— To do —
Would you repeat the listing below verbatim and drop the images?

— Recorded information —
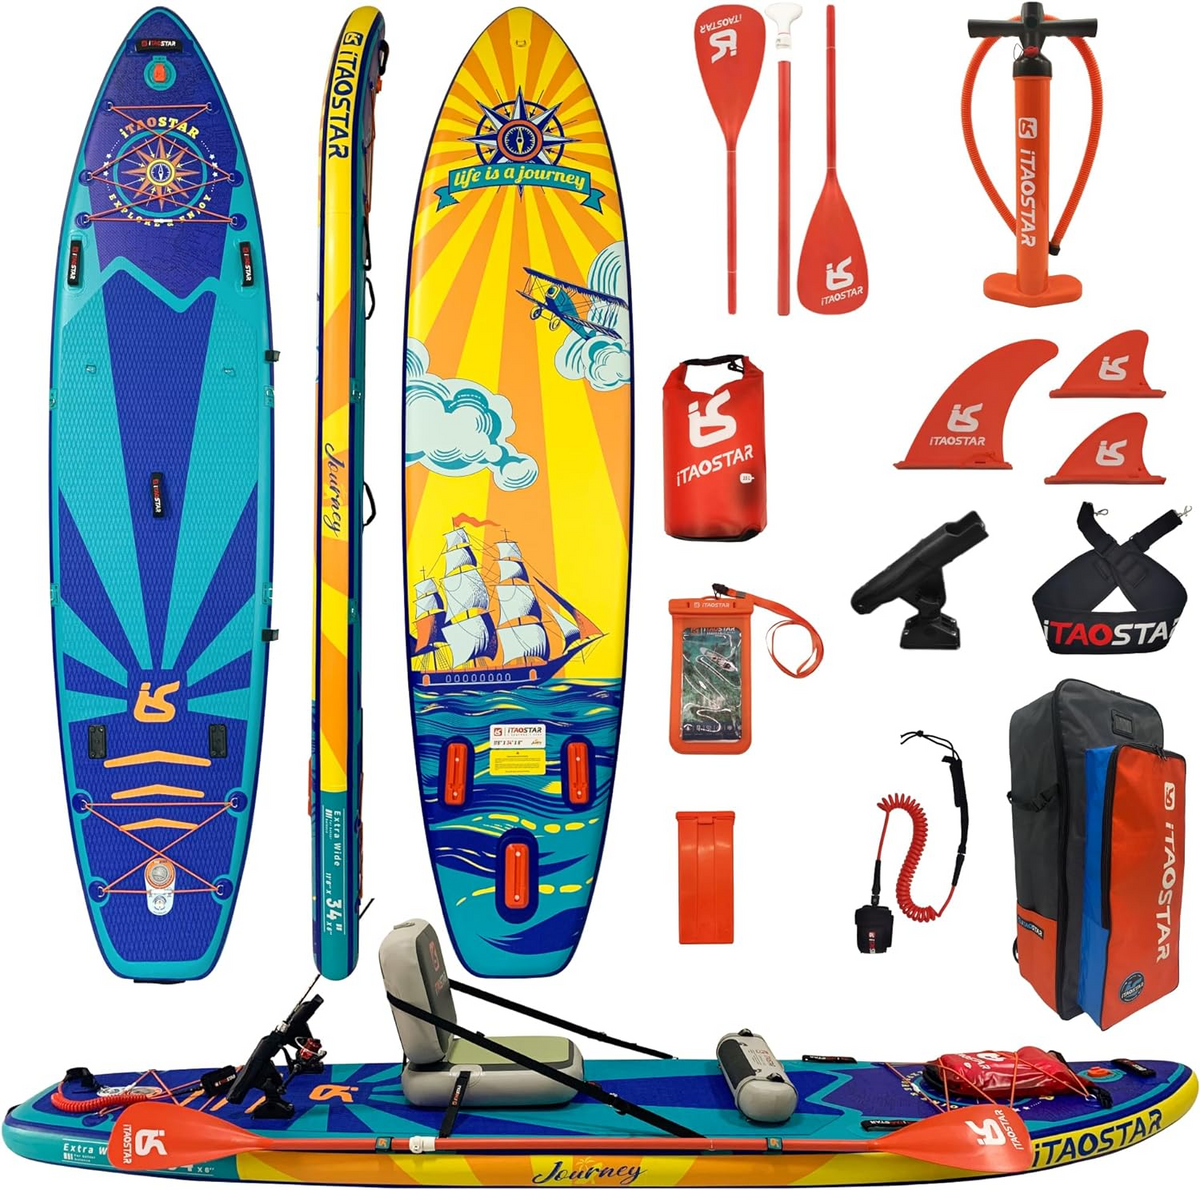 iTAOSTAR Journey Inflatable Stand Up Paddle Board with Seat!
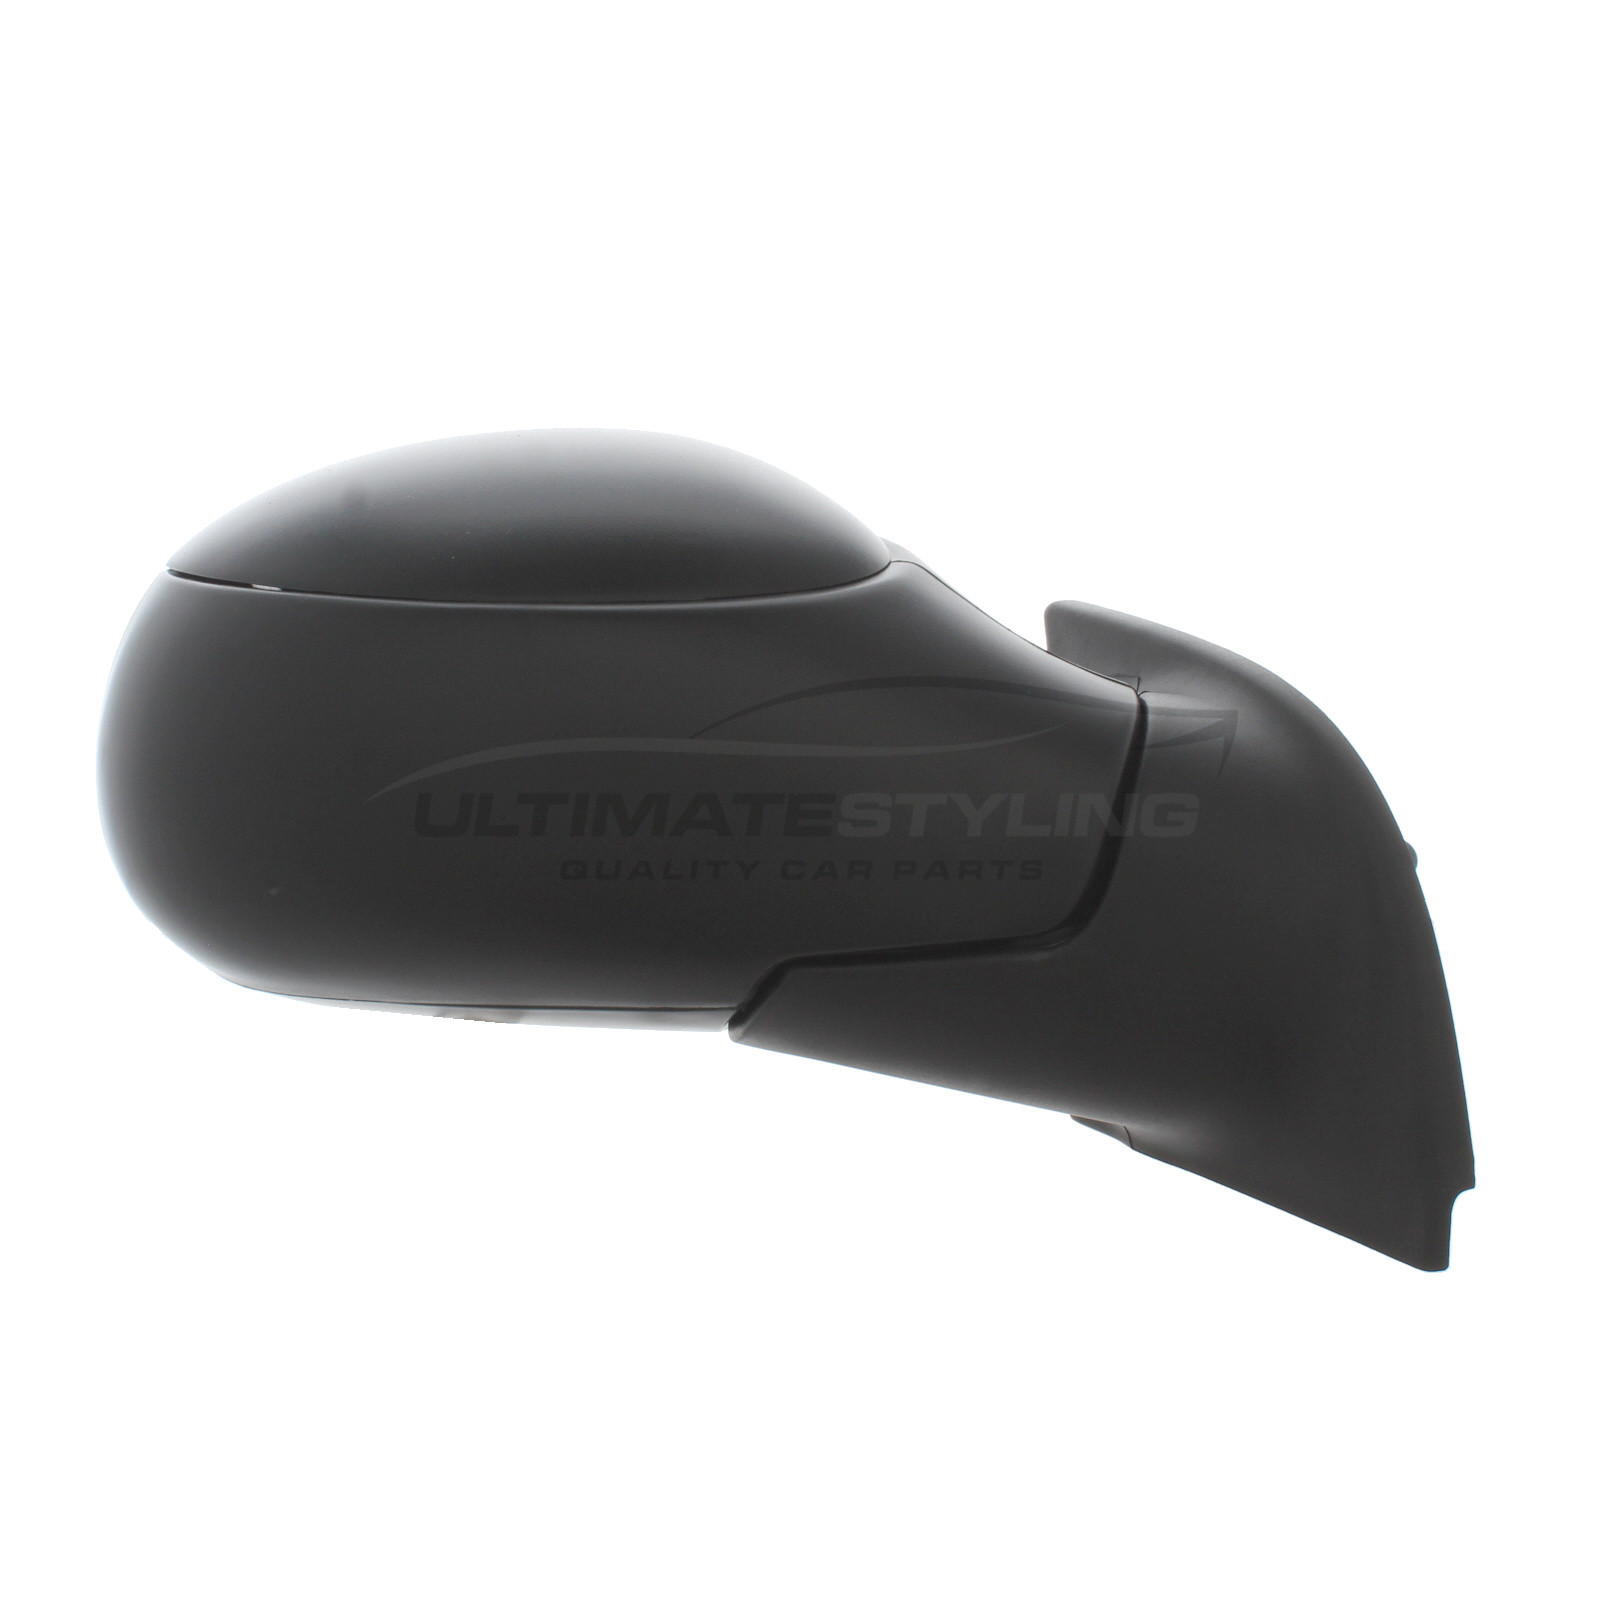 Citroen C3 Wing Mirror / Door Mirror - Drivers Side (RH) - Cable adjustment - Non-Heated Glass - Black
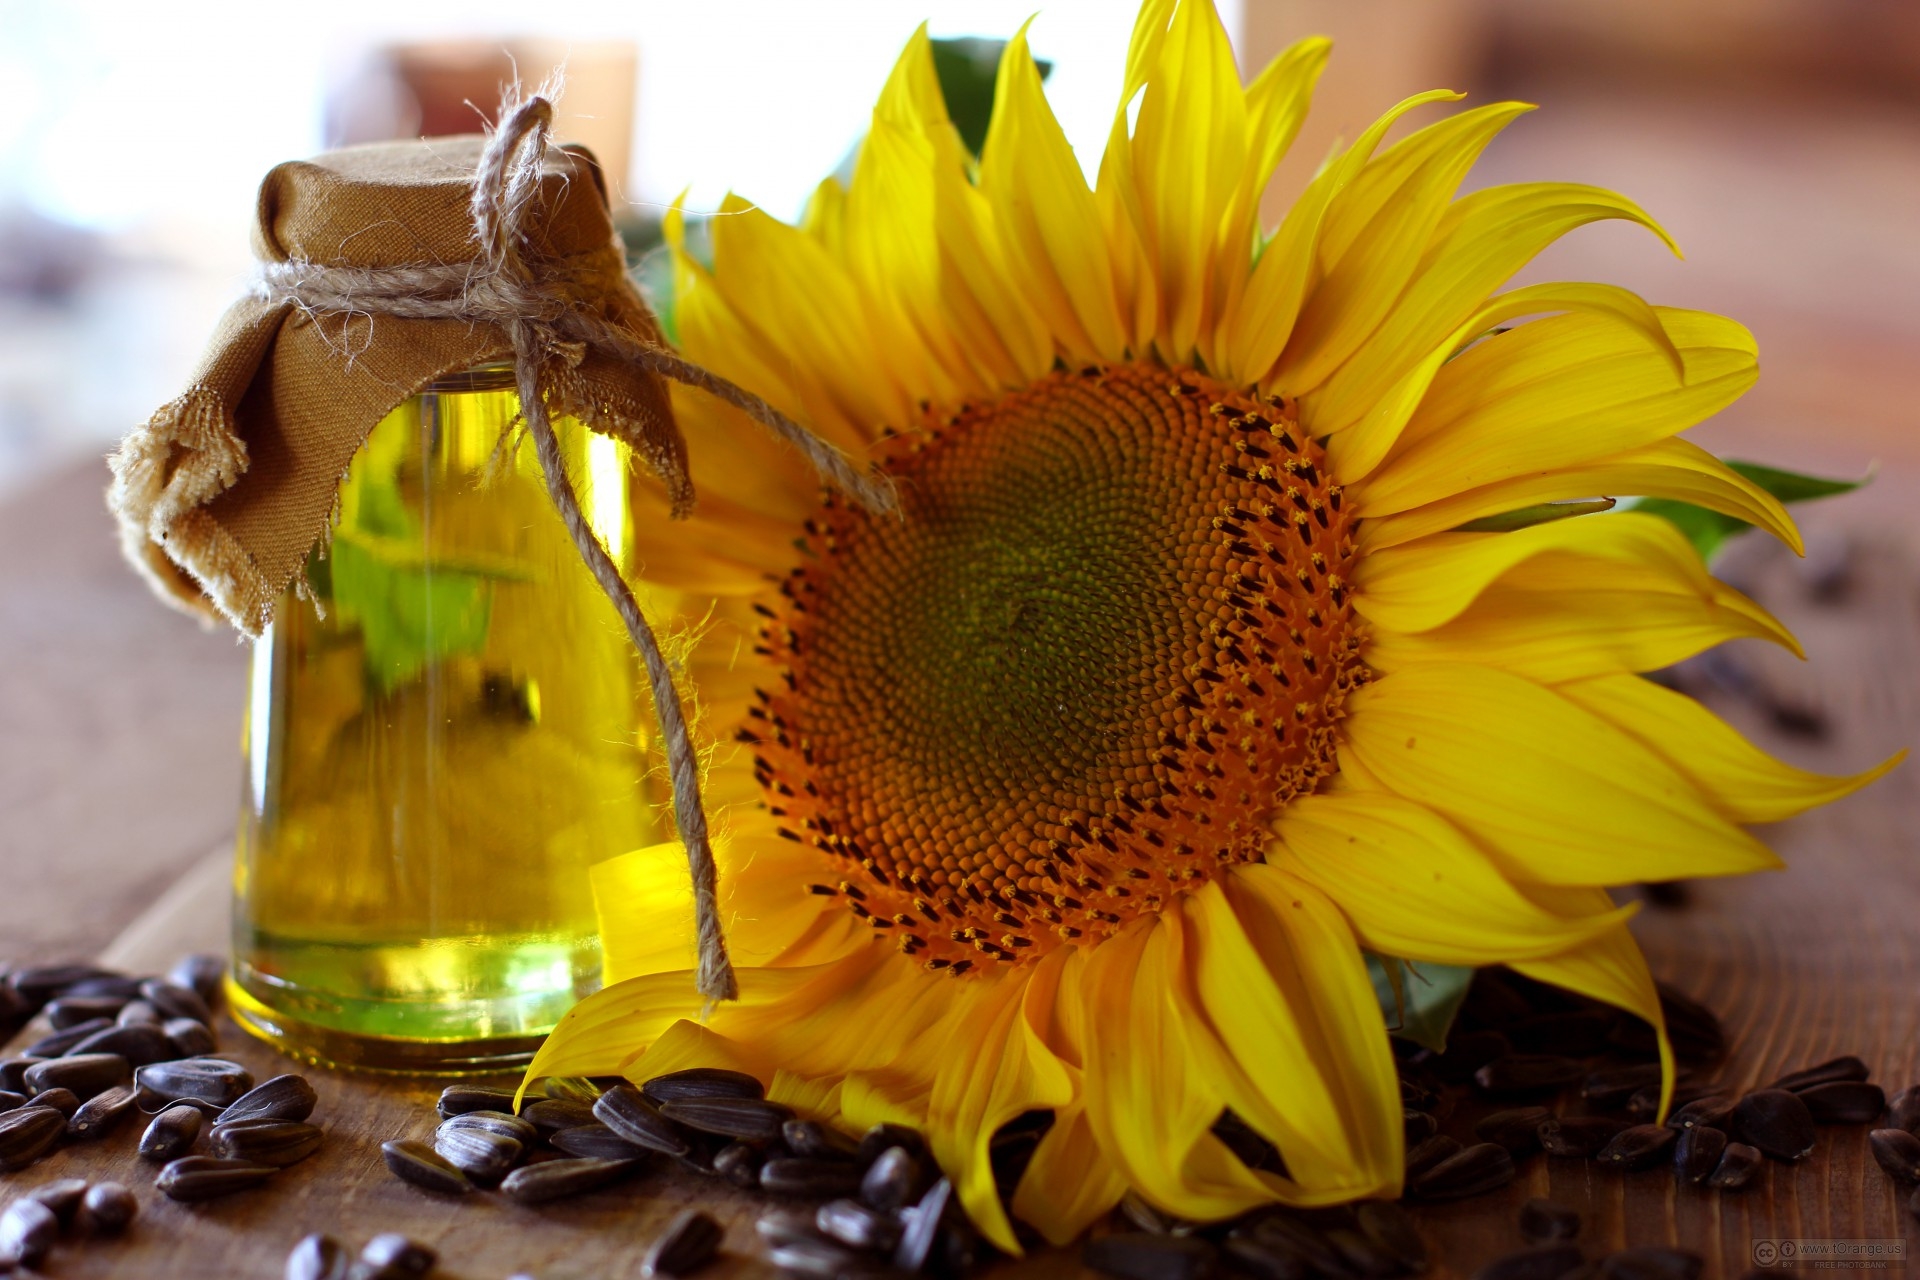 Sunflower prices continue to fall despite unchanged production forecasts

— Result of the exercise —
 iTAOSTAR Journey Inflatable Stand Up Paddle Board with Seat!
 Citroen C3 Wing Mirror / Door Mirror - Drivers Side (RH) - Cable adjustment - Non-Heated Glass - Black
 Sunflower prices continue to fall despite unchanged production forecasts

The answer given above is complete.